In Table 1, a calculation based on a bank's reported market values of derivatives holdings is used as a proxy to estimate the extent to which the bank is not using matched trading to manage its market risk.8 Using this proxy technique, in the aggregate, commercial banks have unmatched market values totaling $33 billion. Three of the five dealer banks have unmatched market values that account for over 88 percent of the commercial bank aggregate. While this calculation could reveal apparently open positions, it should be interpreted with care. Banks may have positions in nonderivative assets and liabilities that either exacerbate or mitigate their derivatives positions.

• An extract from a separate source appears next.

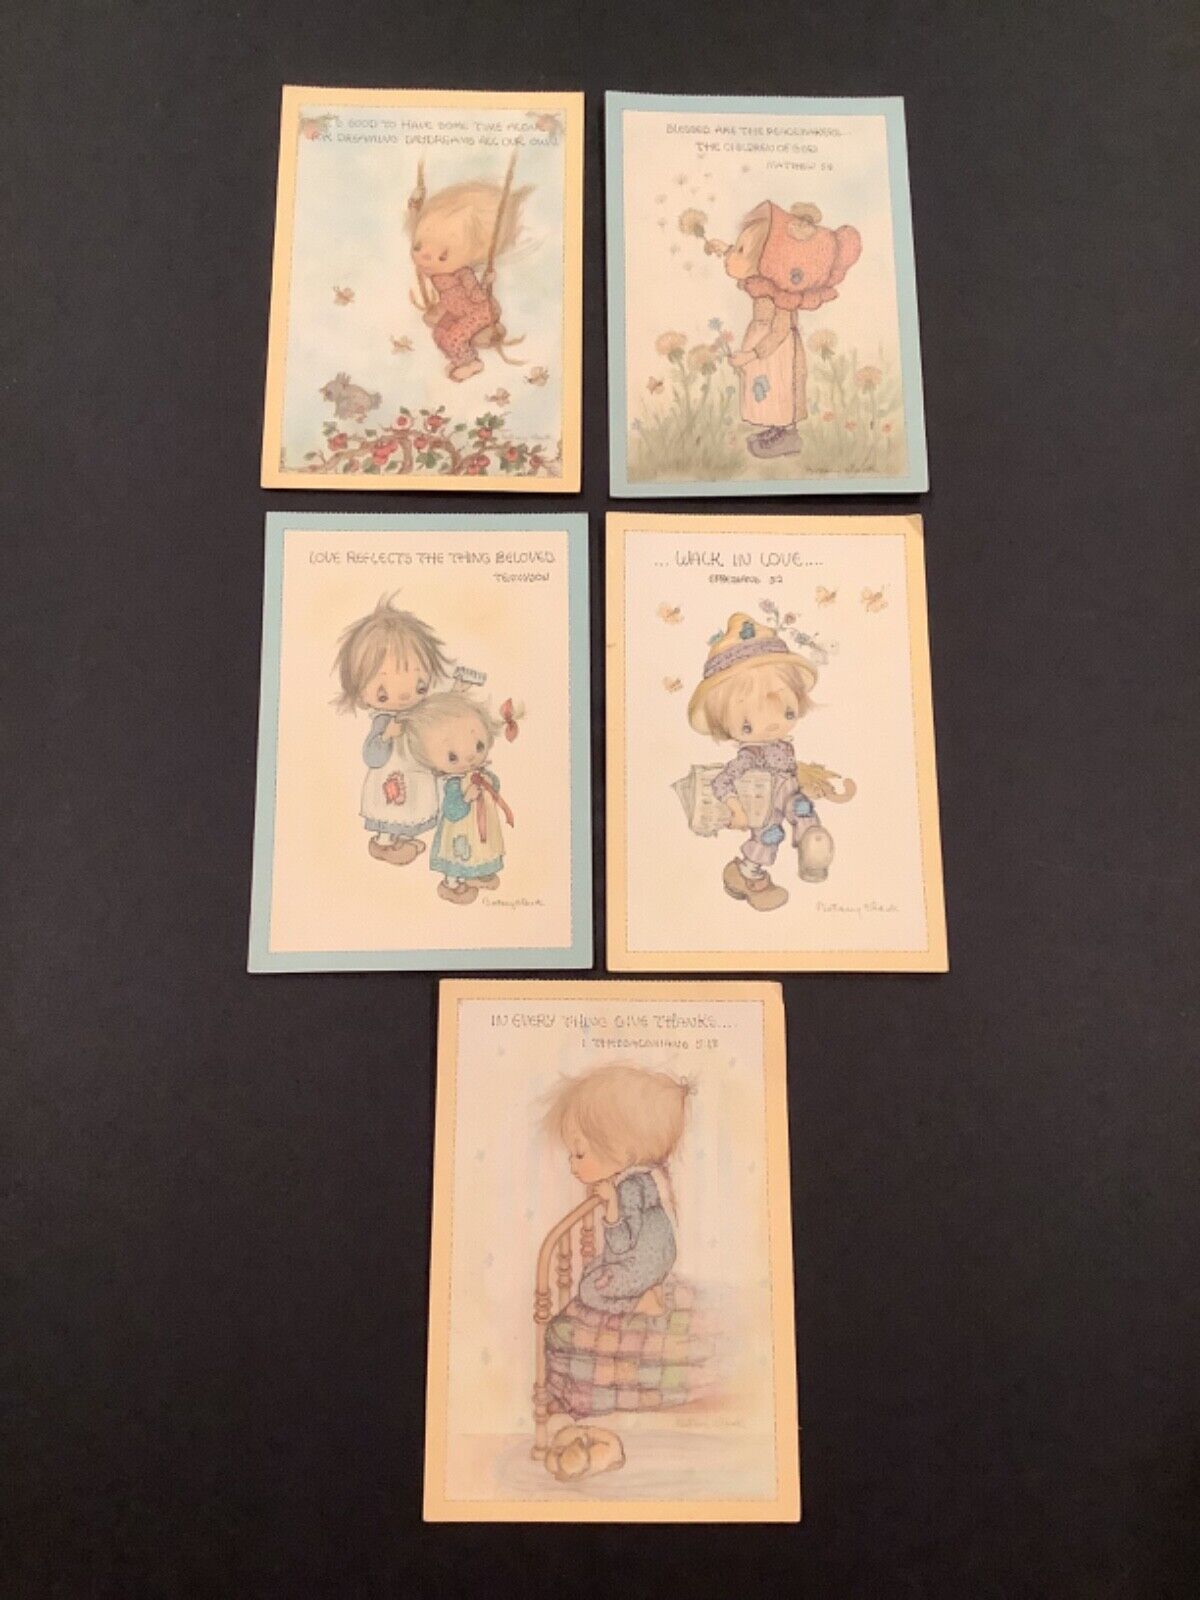 Vintage PRECIOUS MOMENTS 5x7 Greeting Card Lot of 5 For Framing Wall Art Decor

Table 1: Contract Market Values: Positive Values Net of Negative Values by Contract Type
Name Interest Rate Contracts (Positive-Negative) Foreign Exchange Contracts (Positive-Negative) Equity Contracts (Positive-Negative) Comodity & Other Contracts (Positive-Negative) Absolute Value of Net Positions Tier 1 Capital Absolute Value of Net Position as a Percent of Tier 1 Capital
JPMorgan Chase 12,237,000 (3,746,000) 357,000 1,086,000 17,426,000 31,908,000 55%
Bank of America 3,704,000 (2,034,000) (330,000) (1,678,000) 7,746,000 33,420,000 23%
Citibank 5,071,000 124,000 428,000 (2,000) 5,625,000 39,897,000 14%
Bank One NA 703,000 (44,000) 48,000 26,000 821,000 16,888,000 5%
Wachovia Bank NA (341,000) (66,000) 225,000 - 632,000 18,594,000 3%

Most of a bank's dealer business may occur in easily managed products, such as plain vanilla interest rate swaps. In fact, most of the $56 trillion in outstanding notional values falls into this category. However, earnings pressure may motivate dealing in riskier products. The high liquidity and common understanding of easily managed products lowers the risk of dealing in them but also limits the potential return. In order to earn a greater margin on transactions, a bank would likely need to take on more complex transactions that are more challenging to manage. A bank that has demonstrated a propensity to take on additional risks under earnings pressure would seem more likely to have engaged significantly in complex derivatives activities that exceed the comfort level of its risk managers. A bank supervisor's familiarity with the risk management culture at a dealer is a key control of risk of this nature.

Credit Risk

While concentrations of credit from derivatives counterparty risk may appear significant, concern is mitigated by the diversity and credit quality of the counterparties and the nature of the transactions.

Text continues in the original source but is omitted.